Сейчас половина восьмого, светать еще и не начинало.
8 декабря 1957 года
За пару недель до европейского Рождества мы решили привести в порядок квартиру — сменить обои в одной из комнат, покрасить кухню и хоть как-то утеплить балкончик, где я сушила белье, а Матюша выходил туда покурить, рискуя подхватить простуду… Прочла последнюю запись — и вдруг вспомнила, как мы с ним познакомились…
Бытует мнение, что немцы в душе — сентиментальные романтики. О себе я сказать ничего такого не могу. Из нас двоих романтик — Матвей Кокорин. Никогда еще я не встречала подобного человека: он готов прощать все и всем — как бы его ни ранили и ни унижали. Он прощает свою мать Ольгу Афанасьевну — у моей свекрови жуткий деспотический характер, прощает своим приятелям насмешки над собой, а мне — мои страхи, раздражительность и слезы.
Через два года после возвращения из ссылки Костя Галчинский стал кандидатом исторических наук. Я к тому времени была студенткой факультета иностранных языков пединститута, а Кокорин заканчивал третий курс художественно-промышленного. Мы познакомились в доме его родителей. Как говорила позже моя свекровь: «Судьба моего сына постучалась в дверь, и больше всего я жалею о том, что поторопилась открыть».
Мне и в самом деле пришлось самой нажать кнопку звонка на калитке обнесенного высоким забором дома на окраине Воскресенска — и только потому, что руки моего спутника были заняты цветами и какими-то свертками.
Стояла удивительная весна 1956 года.
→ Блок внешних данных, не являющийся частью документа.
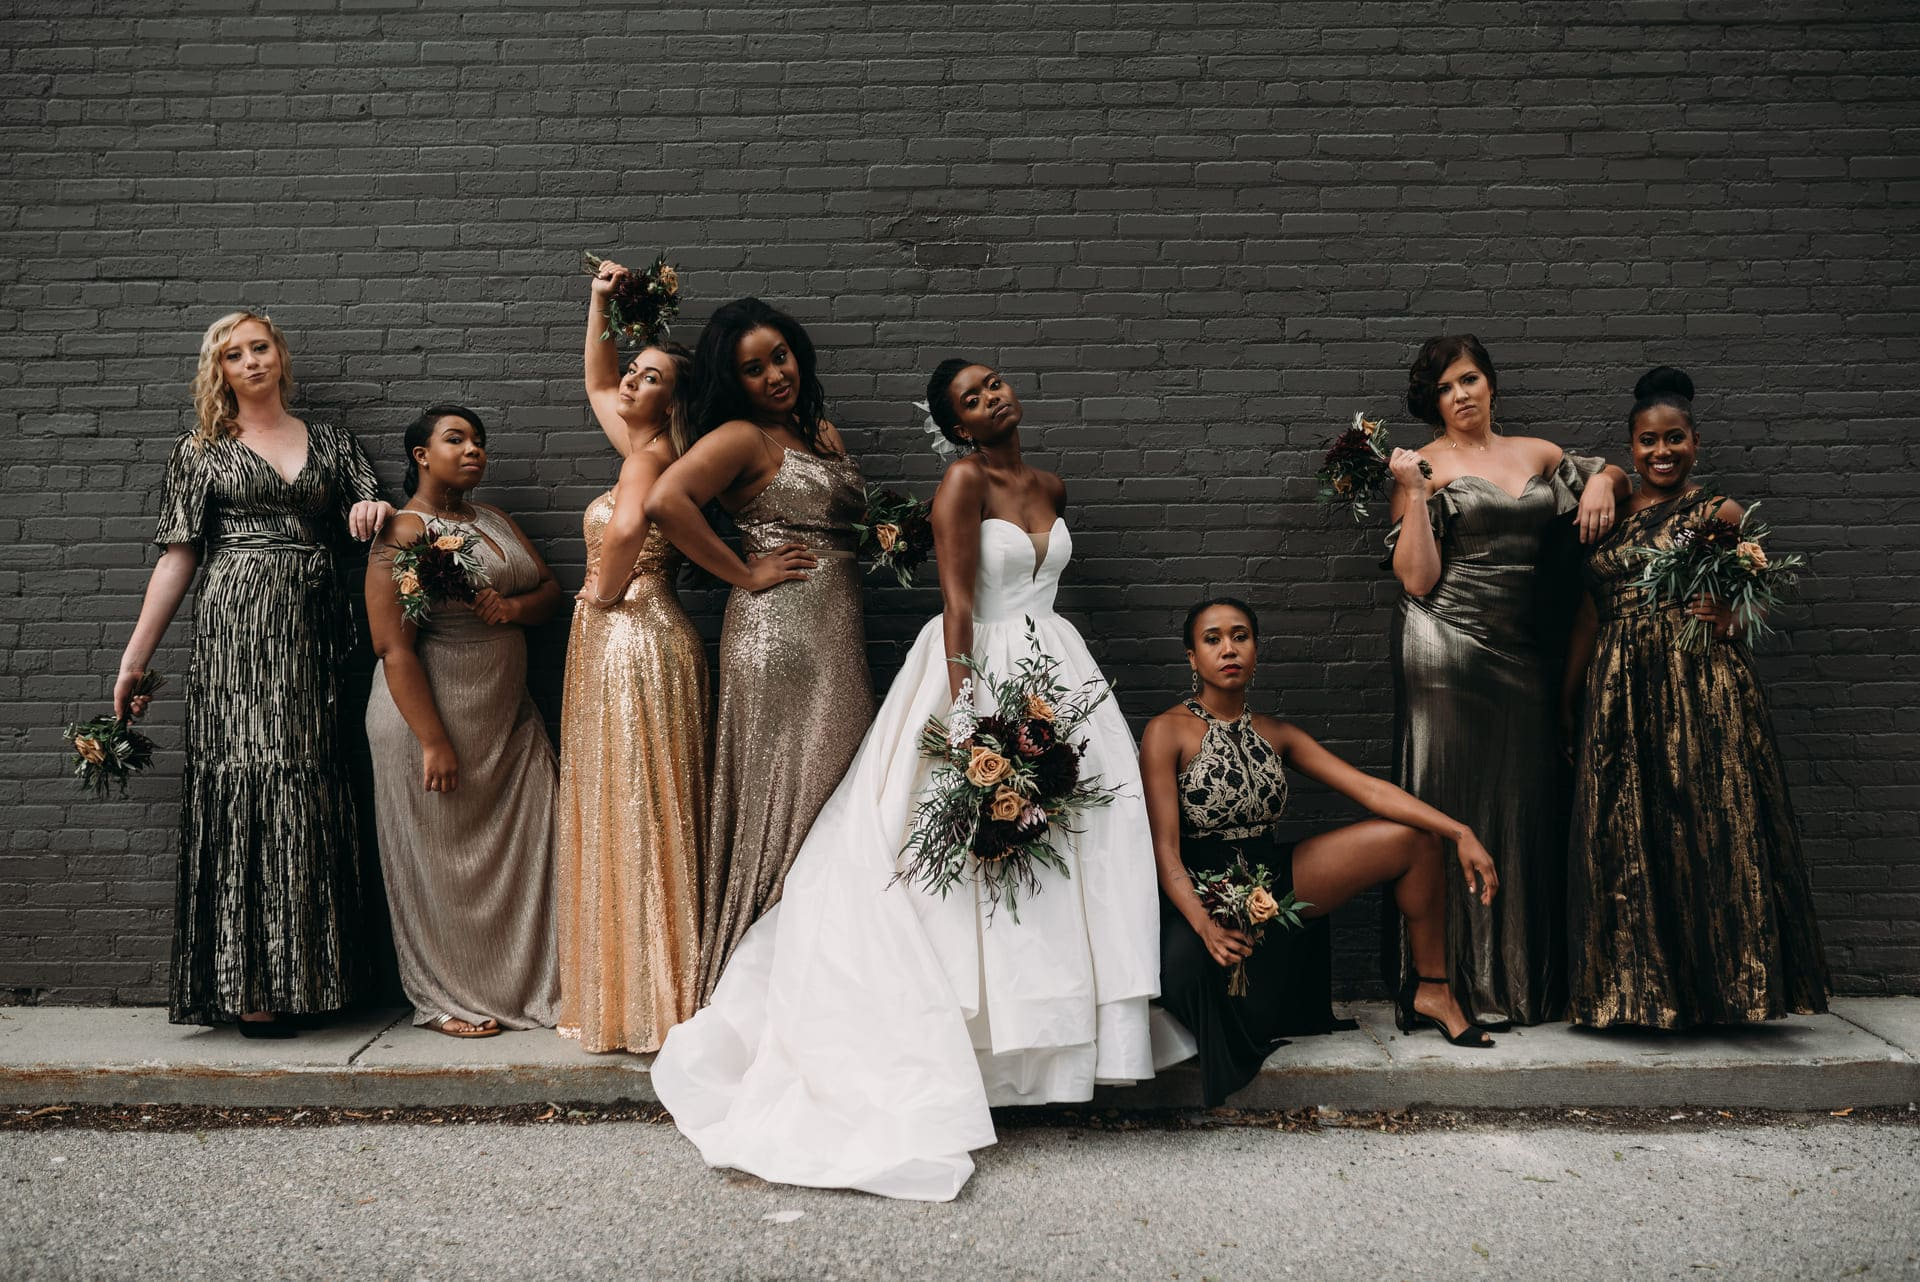 Bride Friends Richland Michigan Wedding Photography

Я была в отличном настроении, и Галчинский без особых усилий уговорил меня отправиться в гости к Илье Петровичу Кокорину, фронтовику, учителю истории, автору школьного учебника, к которому Константин Романович написал предисловие.
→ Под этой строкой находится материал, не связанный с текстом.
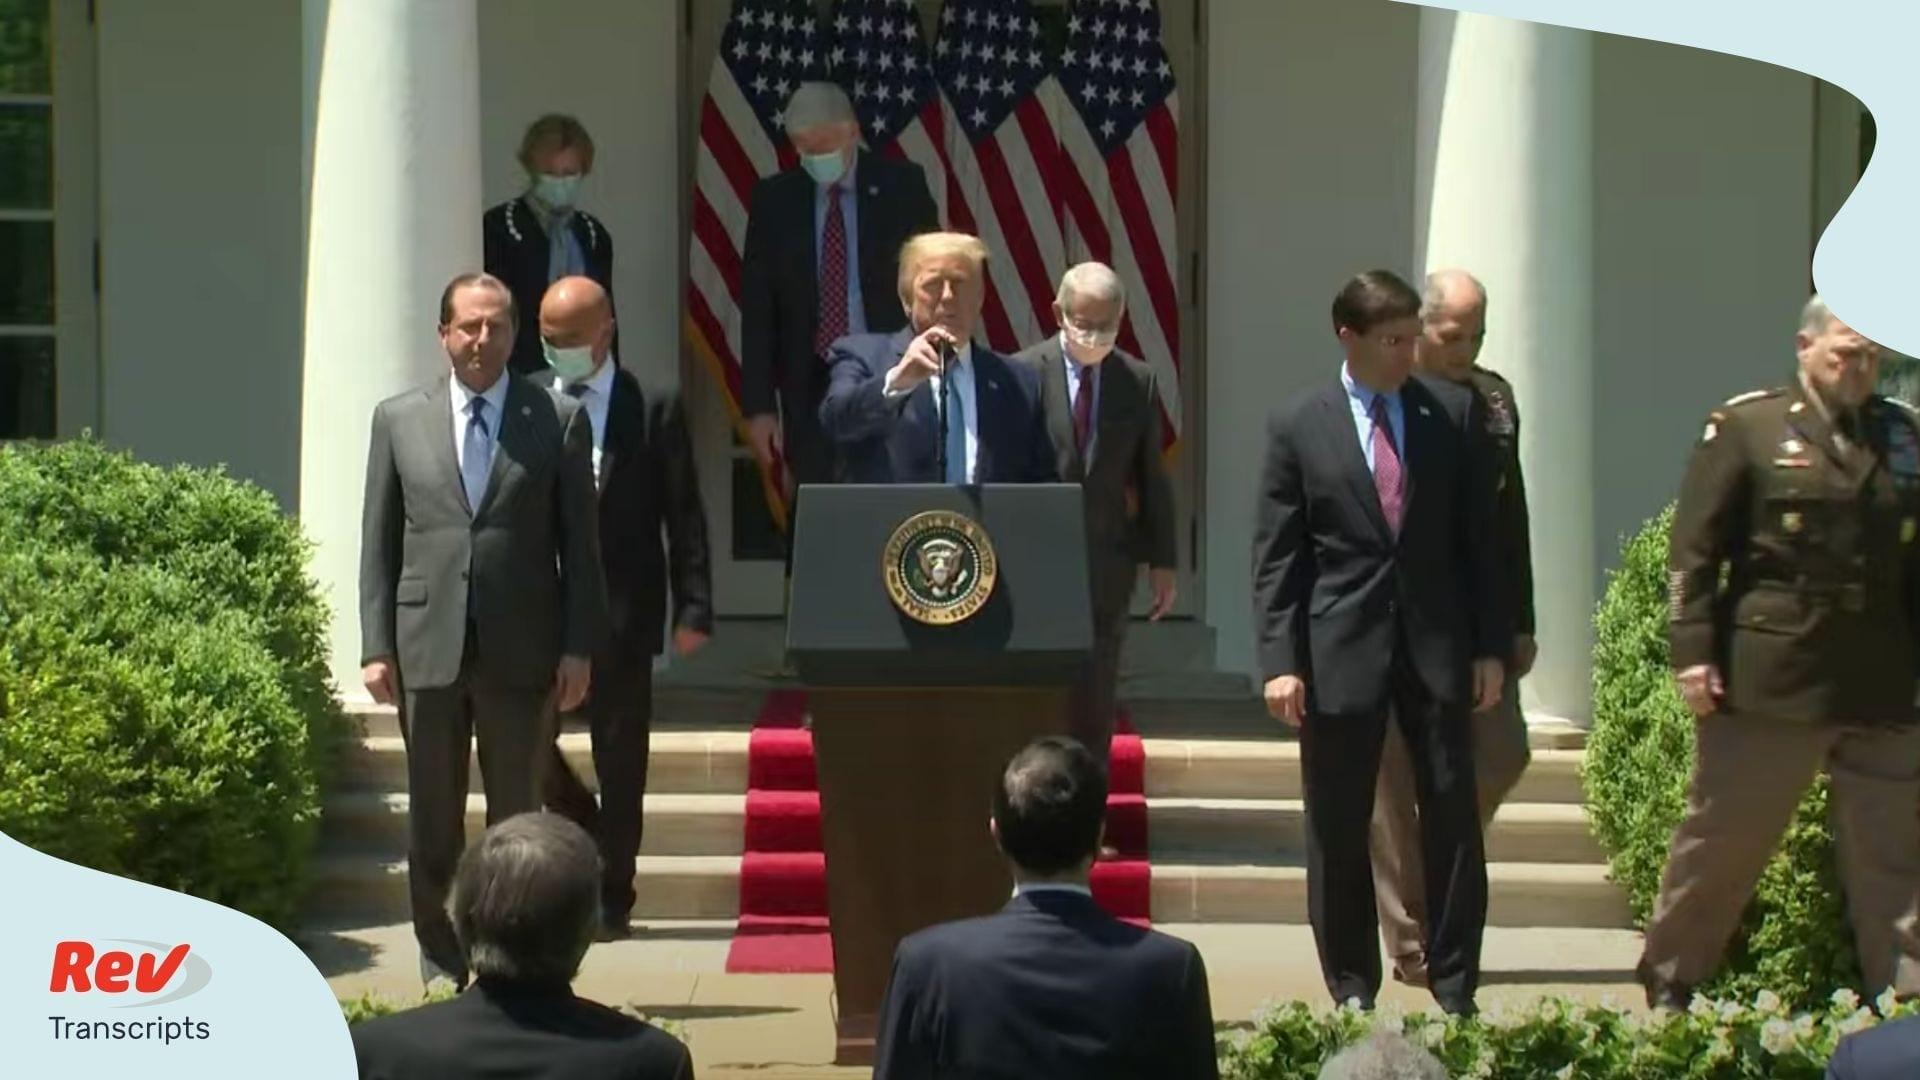 Trump update on COVID-19 vaccine development May 15

Залаял пес за забором, и тут же, словно ему заткнули пасть паклей, поперхнулся и умолк. Калитка распахнулась — на нас сурово взглянула еще не старая женщина, небольшого роста и вполне миловидная, если бы не цепкий пронзительный взгляд и жилистая худоба. Галчинский тут же вручил цветы и был вознагражден дружеским кивком, а меня подозрительно оглядели с головы до пят.
Пока мы шли к дому, Кокорина заметила: «Вы, Константин Романович, опоздали на целых двадцать минут и вдобавок не предупредили, что придете с дамой». «Это — Нина Везель, — с улыбкой произнес Галчинский. — Она… Нина моя невеста».
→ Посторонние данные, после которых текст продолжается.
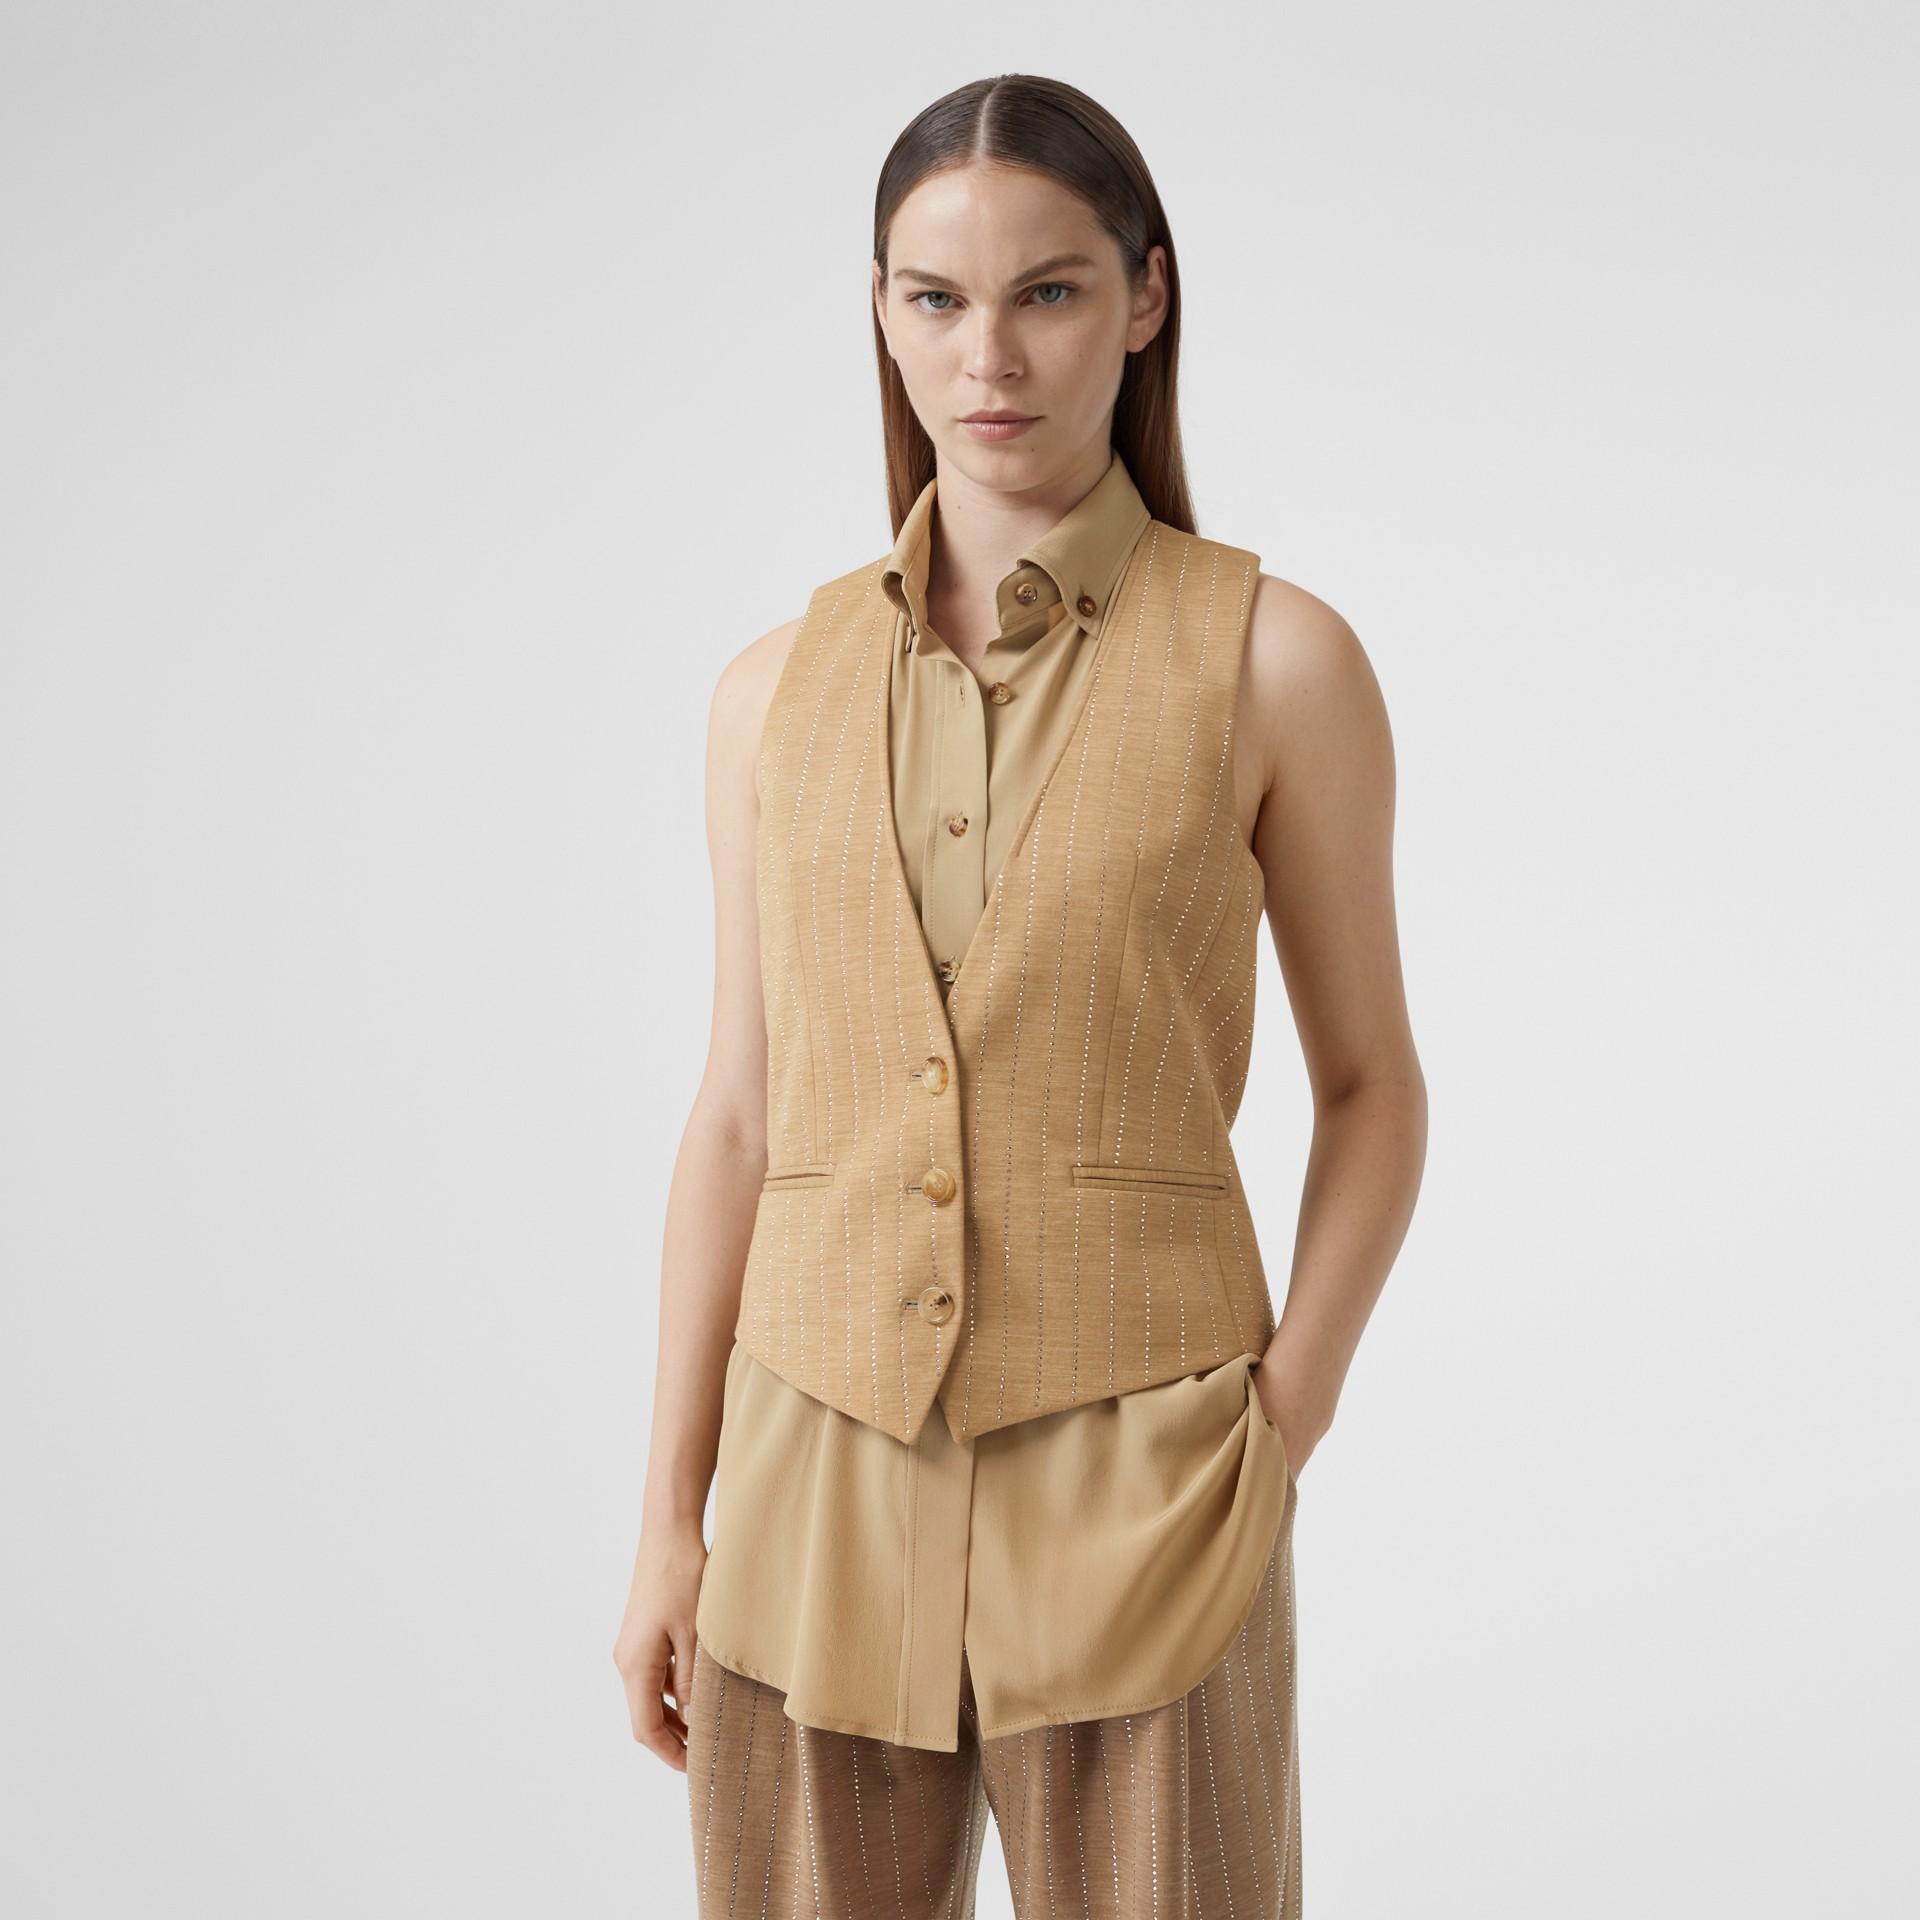 Shirt Detail Crystal Pinstriped Wool Blend Waistcoat in Pecan Melange - Women | Burberry Australia - gallery image 4

В это время мы поднимались по ступеням, и от неожиданности я споткнулась, а Костя галантно подхватил меня под локоть. Щеки мои вспыхнули, и я резко вырвала руку — благо хозяйка дома шла впереди и не могла видеть эту сцену.
Дом у Кокориных оказался весьма солидным — двухэтажный, с открытой верандой и просторным ухоженным садом. В гостиной, куда доставила нас Ольга Афанасьевна, за накрытым столом восседали двое мужчин. С первого взгляда было ясно, что оба слеплены из одного теста, только тот, что помоложе, был русоволосым, а старший — седым как лунь. Матвей действительно казался копией отца, но сдержанности в нем не было ни на грош, — как только мы вошли, он вскочил и бросился показывать, где можно помыть руки. Затем принялся усаживать меня, хватаясь за стул и суетясь. Ольга Афанасьевна скомандовала: «Невесту — к Константину Романовичу!», и Матвей неожиданно стушевался. Но я так разозлилась, что демонстративно уселась рядом с ним и решительно расставила точки над «i»: «Костя неудачно пошутил. Мы всего лишь хорошие друзья, прошу его извинить. А сяду я там, где мне удобнее». Тогда я впервые вслух назвала Галчинского «Костя». Пришлось ему устраиваться по правую руку от отца Кокорина… Удивительно — я запомнила все подробности этого ужина, даже такую чепуху.